● **Assigned task**
What you return must be the data below, word for word, without any images.

● **Exercise data**
>>

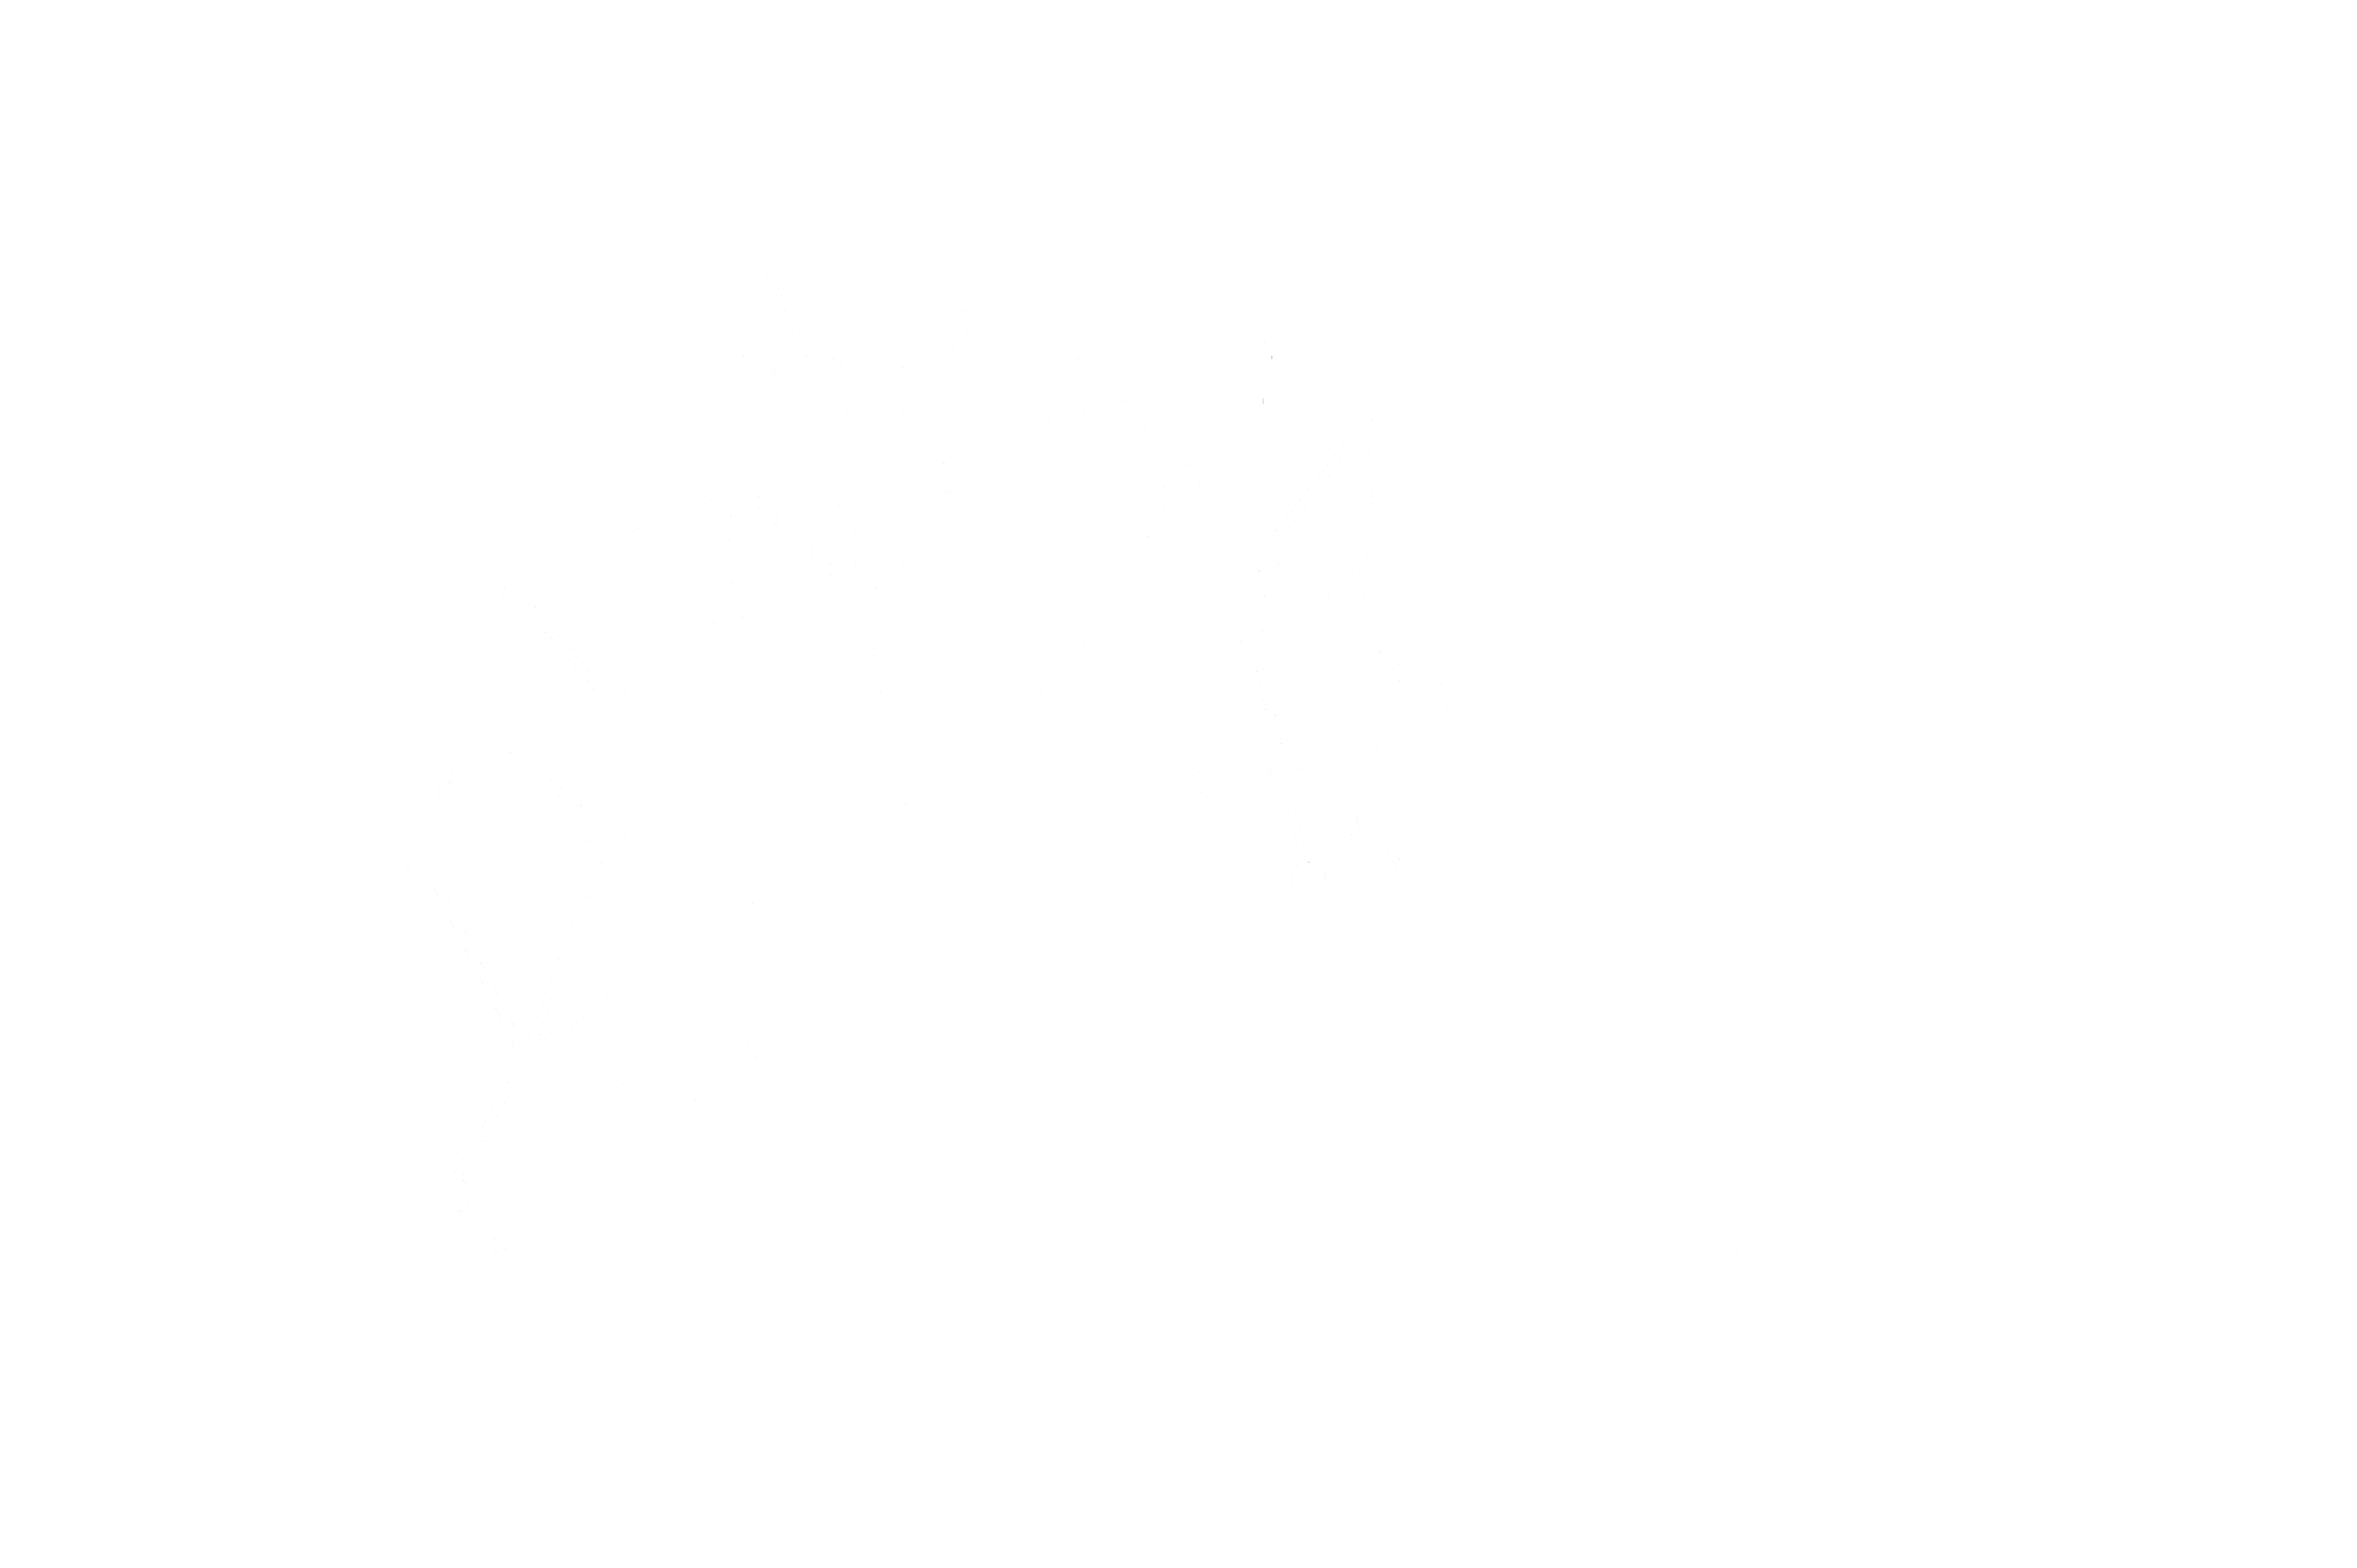 IOTech
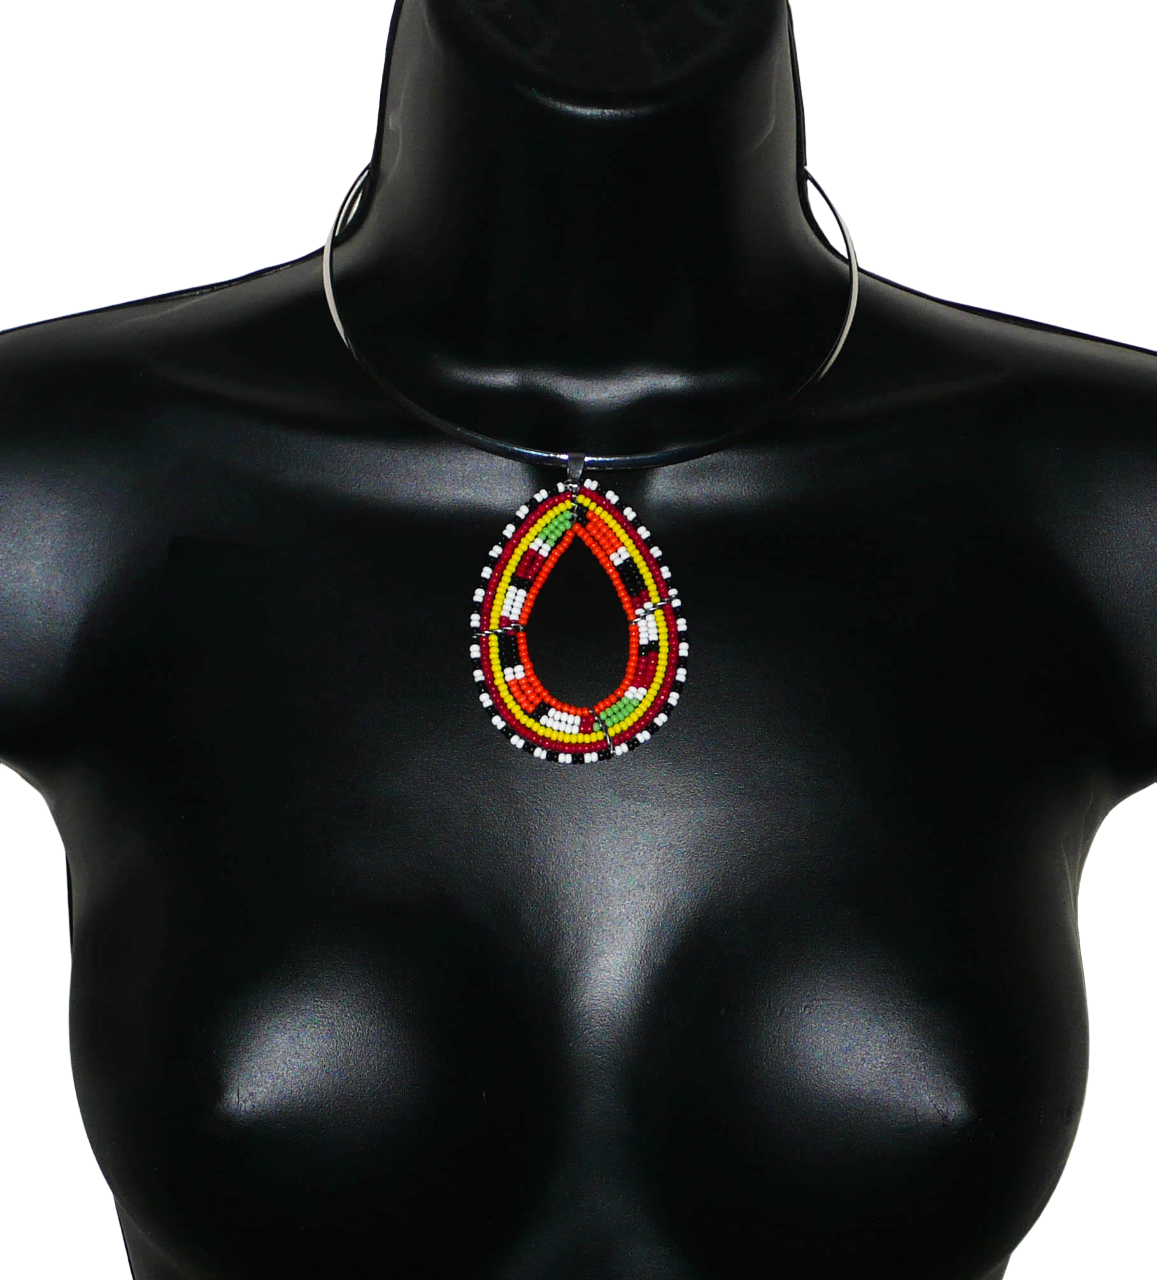 Collier africain composé d'un ras-de-cou en laiton argenté orné d'un long et large pendentif à motifs ethniques fait de perles de rocaille orange et multicolores enfilées sur six rangées de fils de fer montés en forme de goutte. Il mesure 20,5 cm de long (de la nuque à la base du pendentif), le tour de cou en laiton a une circonférence de 42,5 cm et un diamètre de 13,5 cm ; le pendentif mesure 7 cm de long et 5 cm de large. Timeless Fineries
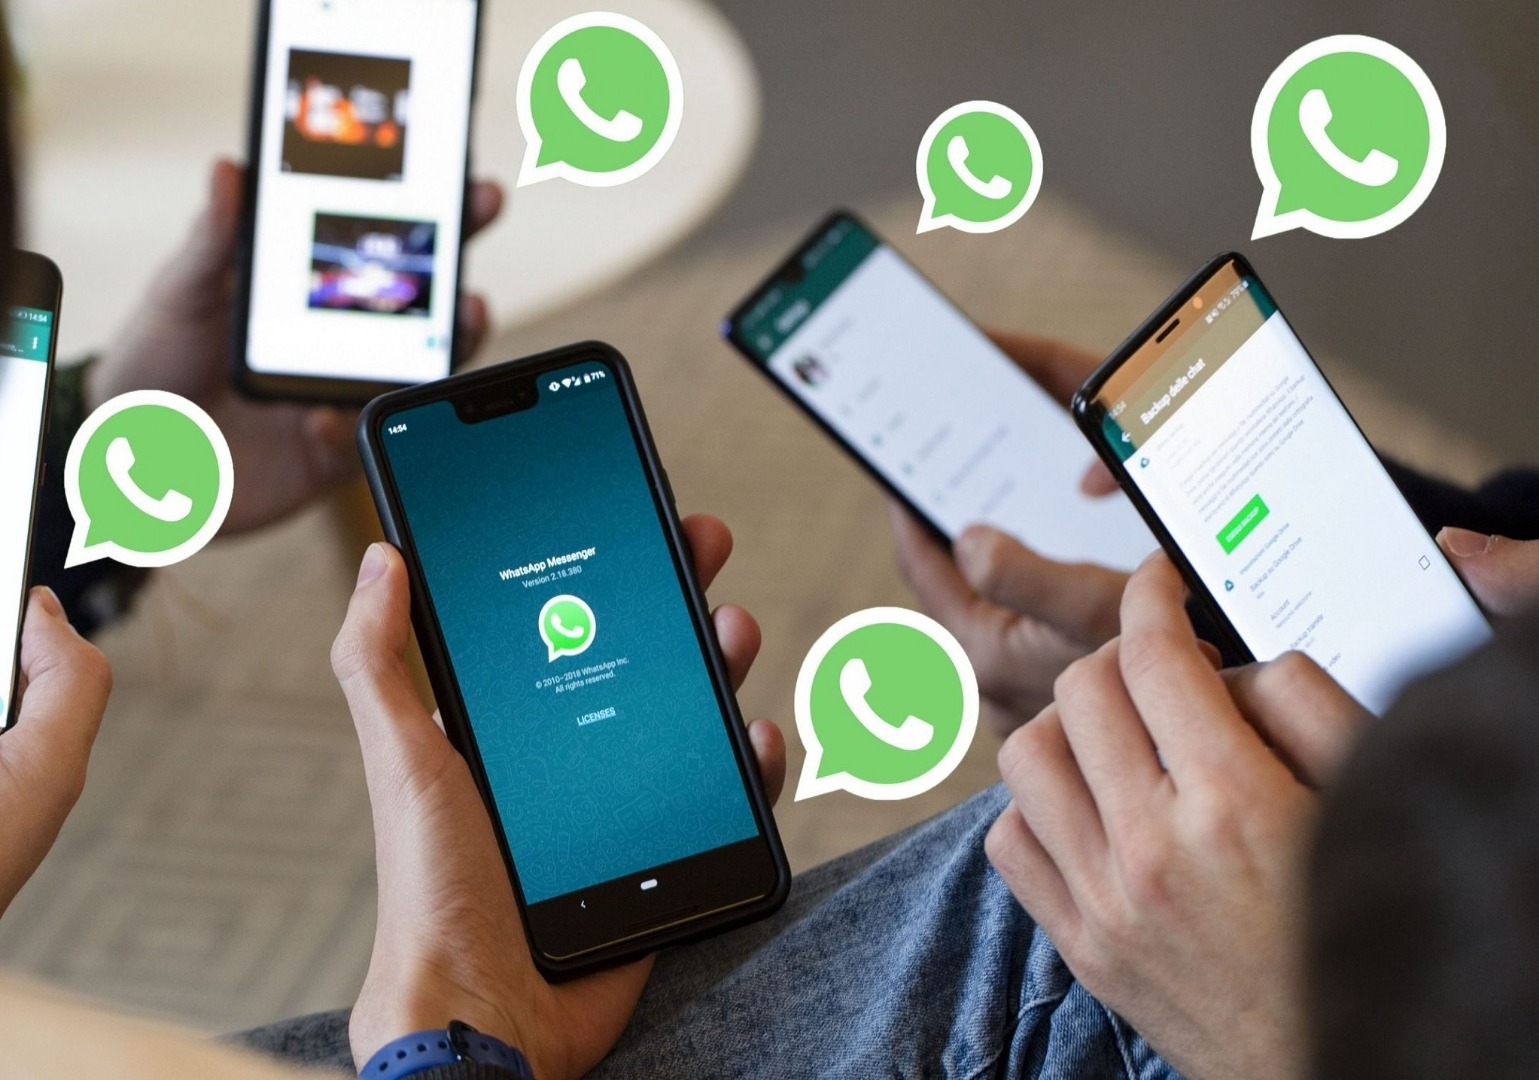 WhatsApp'ın yeni özelliği ne? WhatsApp'ın yeni son kullanma tarihi nedir?
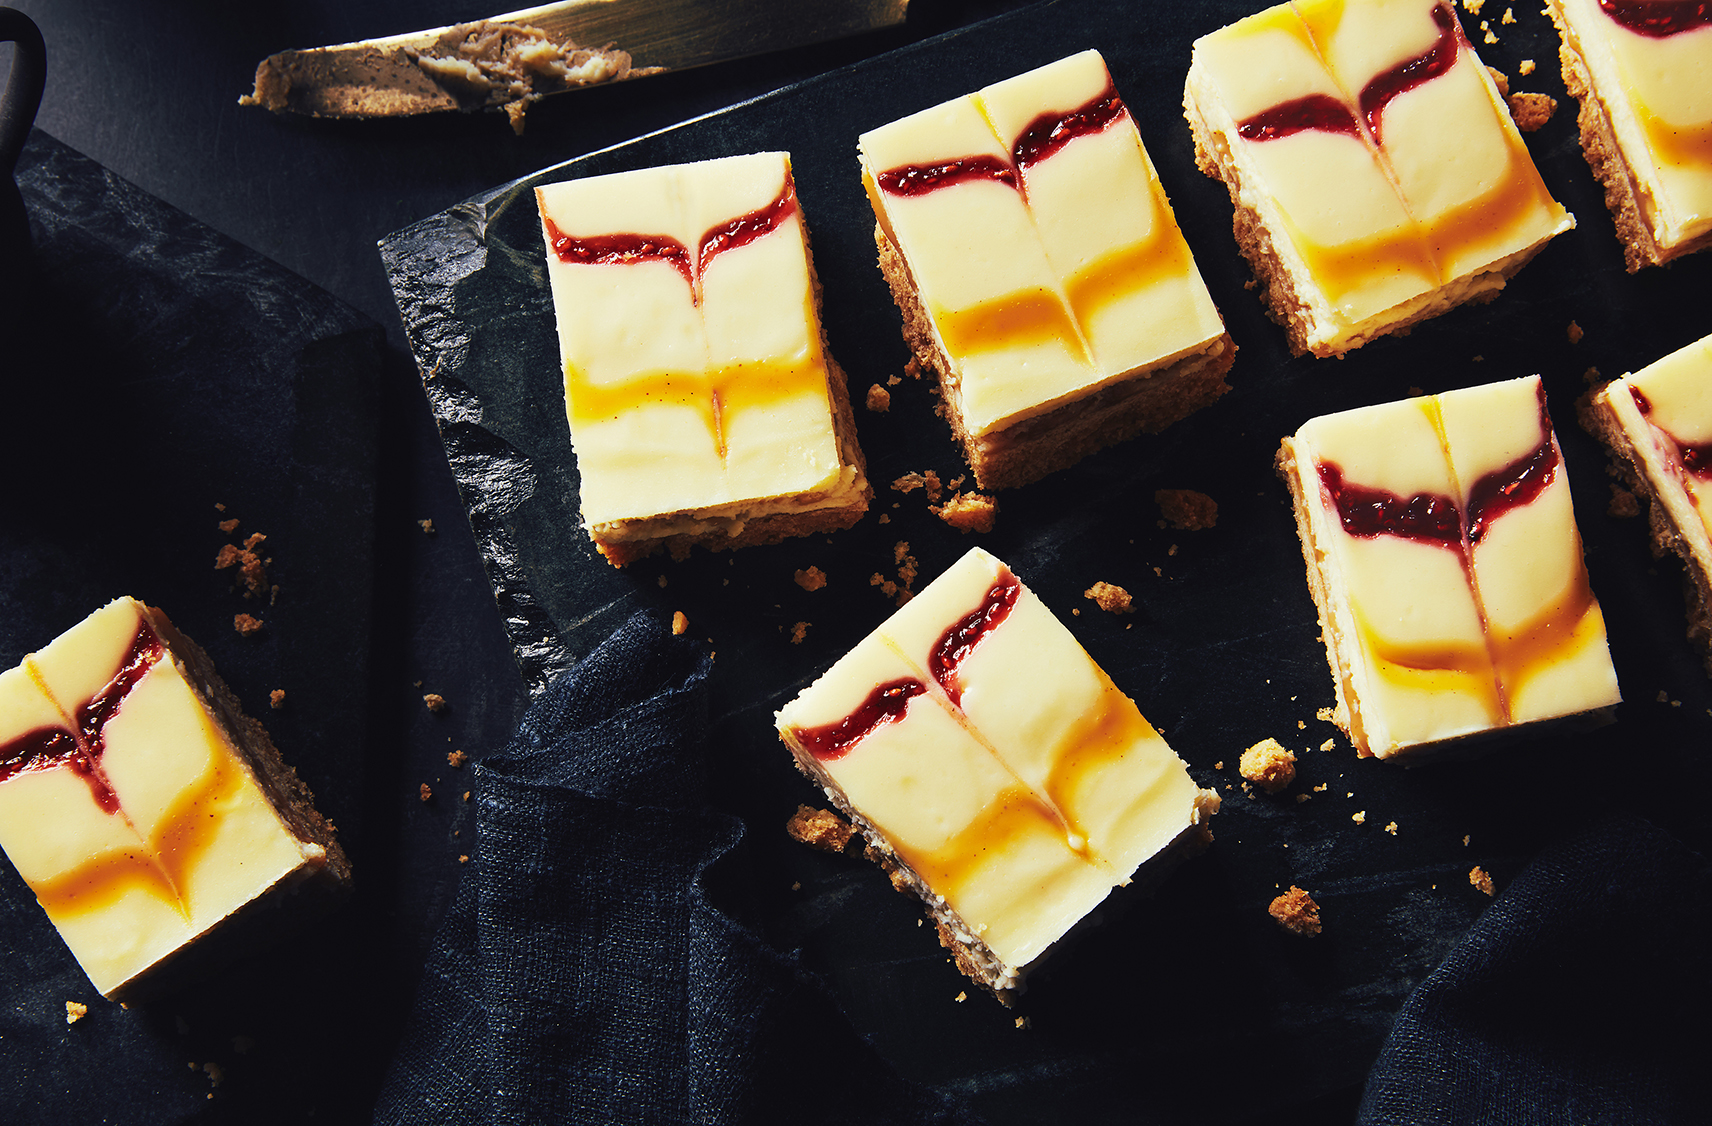 Des carrés de gâteau au fromage au chocolat blond et aux framboises placés sur une ardoise noire pour la présentation

<<

● **Your response**
 IOTech
 Collier africain composé d'un ras-de-cou en laiton argenté orné d'un long et large pendentif à motifs ethniques fait de perles de rocaille orange et multicolores enfilées sur six rangées de fils de fer montés en forme de goutte. Il mesure 20,5 cm de long (de la nuque à la base du pendentif), le tour de cou en laiton a une circonférence de 42,5 cm et un diamètre de 13,5 cm ; le pendentif mesure 7 cm de long et 5 cm de large. Timeless Fineries
 WhatsApp'ın yeni özelliği ne? WhatsApp'ın yeni son kullanma tarihi nedir?
 Des carrés de gâteau au fromage au chocolat blond et aux framboises placés sur une ardoise noire pour la présentation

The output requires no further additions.